Предыдущий раздел | Содержание | Следующий раздел

14. Психосоциальные факторы

Научный поиск последних 50 лет убедительно показал, что некоторые психосоциальные факторы являются независимыми ФР развития ССЗ, неблагоприятных исходов и смерти от ССЗ [192].

К числу таких факторов относятся:

  • стресс острый и хронический (на работе и в семейной жизни),
  • низкая социальная поддержка (социальная изоляция),
  • низкий социально-экономический статус,
  • негативные эмоциональные состояния, в том числе тревожные и депрессивные.

Перечисленные психосоциальные факторы, в числе 9 других ФР, определяют заболеваемость ИМ по данным крупнейшего международного исследования последних лет INTERHEART, проведенного в 52 странах мира с участием более 29 000 пациентов [10]. Психосоциальные факторы в значительной мере отягощают клиническое течение ССЗ, существенно снижают приверженность больных к лечению и выполнению немедикаментозных рекомендаций по коррекции ОЖ, ухудшают качество жизни больных, увеличивают риск инвалидизации и расходы системы здравоохранения.

Следует отметить, что психосоциальные факторы тесно ассоциированы друг с другом. Так, у лиц с низким социально-экономическим статусом чаще отмечаются стрессы различной силы, которые потенцируют низкая социальная поддержка и негативные эмоциональные состояния.
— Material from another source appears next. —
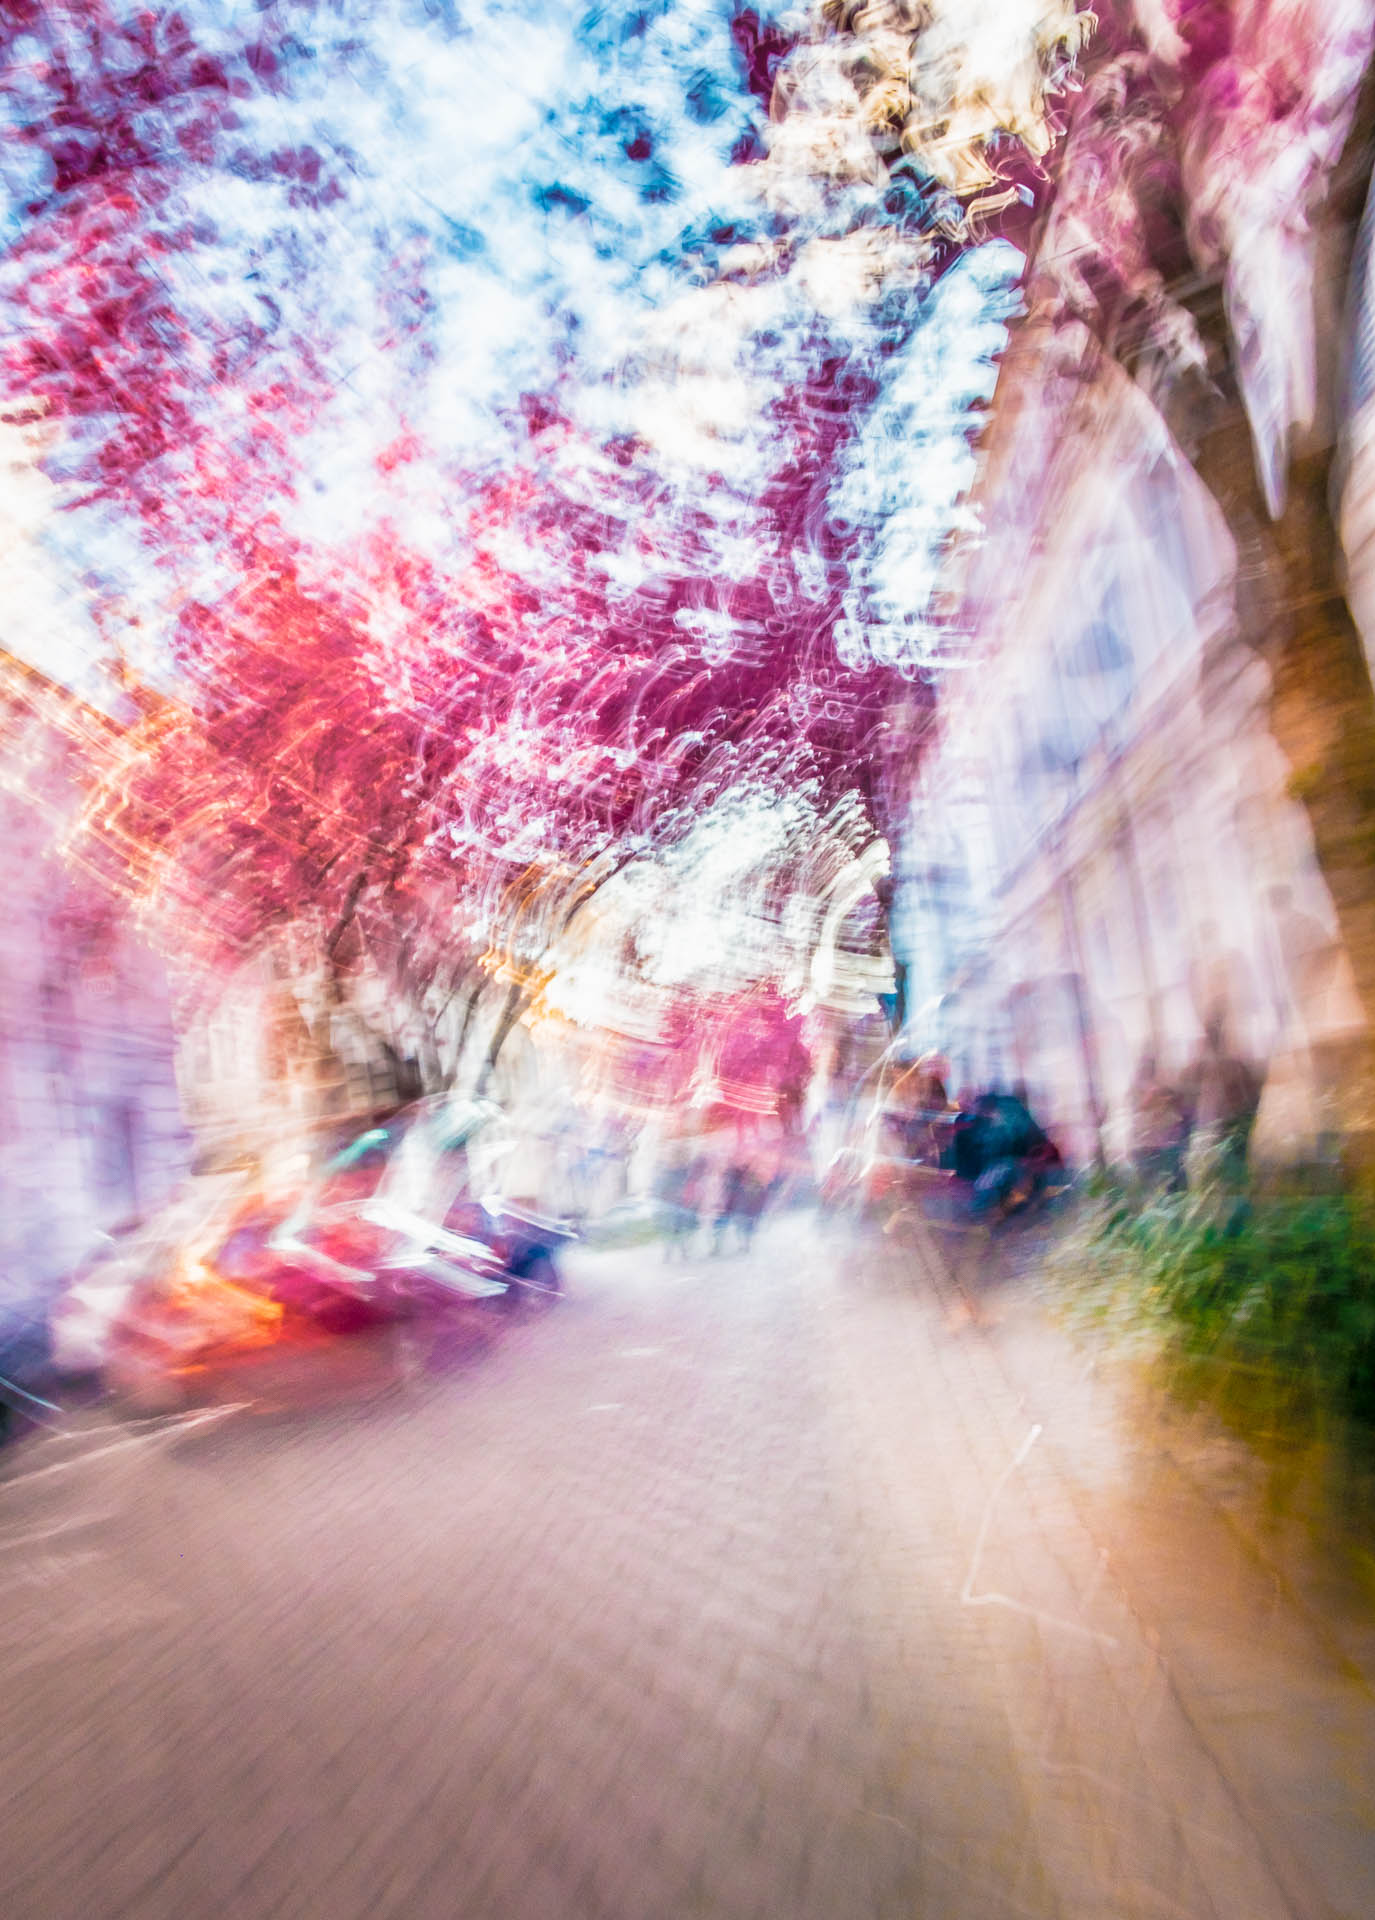 Bonn_Cherries_Movingscape-DSCF7241-Edit-1.jpg

Среди психосоциальных факторов наиболее весомая научная база, в отношении влияния на заболеваемость и смертность от ССЗ, накоплена по негативным эмоциональным состояниям, прежде всего депрессивным. В большом числе длительных проспективных исследований установлено, что при исходном наличии депрессивной симптоматики последующий риск развития ИБС увеличивается от 1,5 до 4,5 раз [193–200]. По меньшей мере, в 10 проспективных исследованиях показано увеличение риска ИБС при исходном наличии тревоги [201–203]. По данным опубликованного в 2010 году крупного метаанализа 20 проспективных исследований, включавших около 250 000 исходно здоровых жителей США, Норвегии, Нидерландов, Швеции, Японии и Великобритании, наличие тревожной симптоматики ассоциировалось с повышенным риском последующего развития и смерти от ИБС. В отдельных работах получены данные о том, что наличие тревожной и депрессивной симптоматики увеличивает риск развивающейся впоследствии АГ (независимо от расы), а также МИ [204].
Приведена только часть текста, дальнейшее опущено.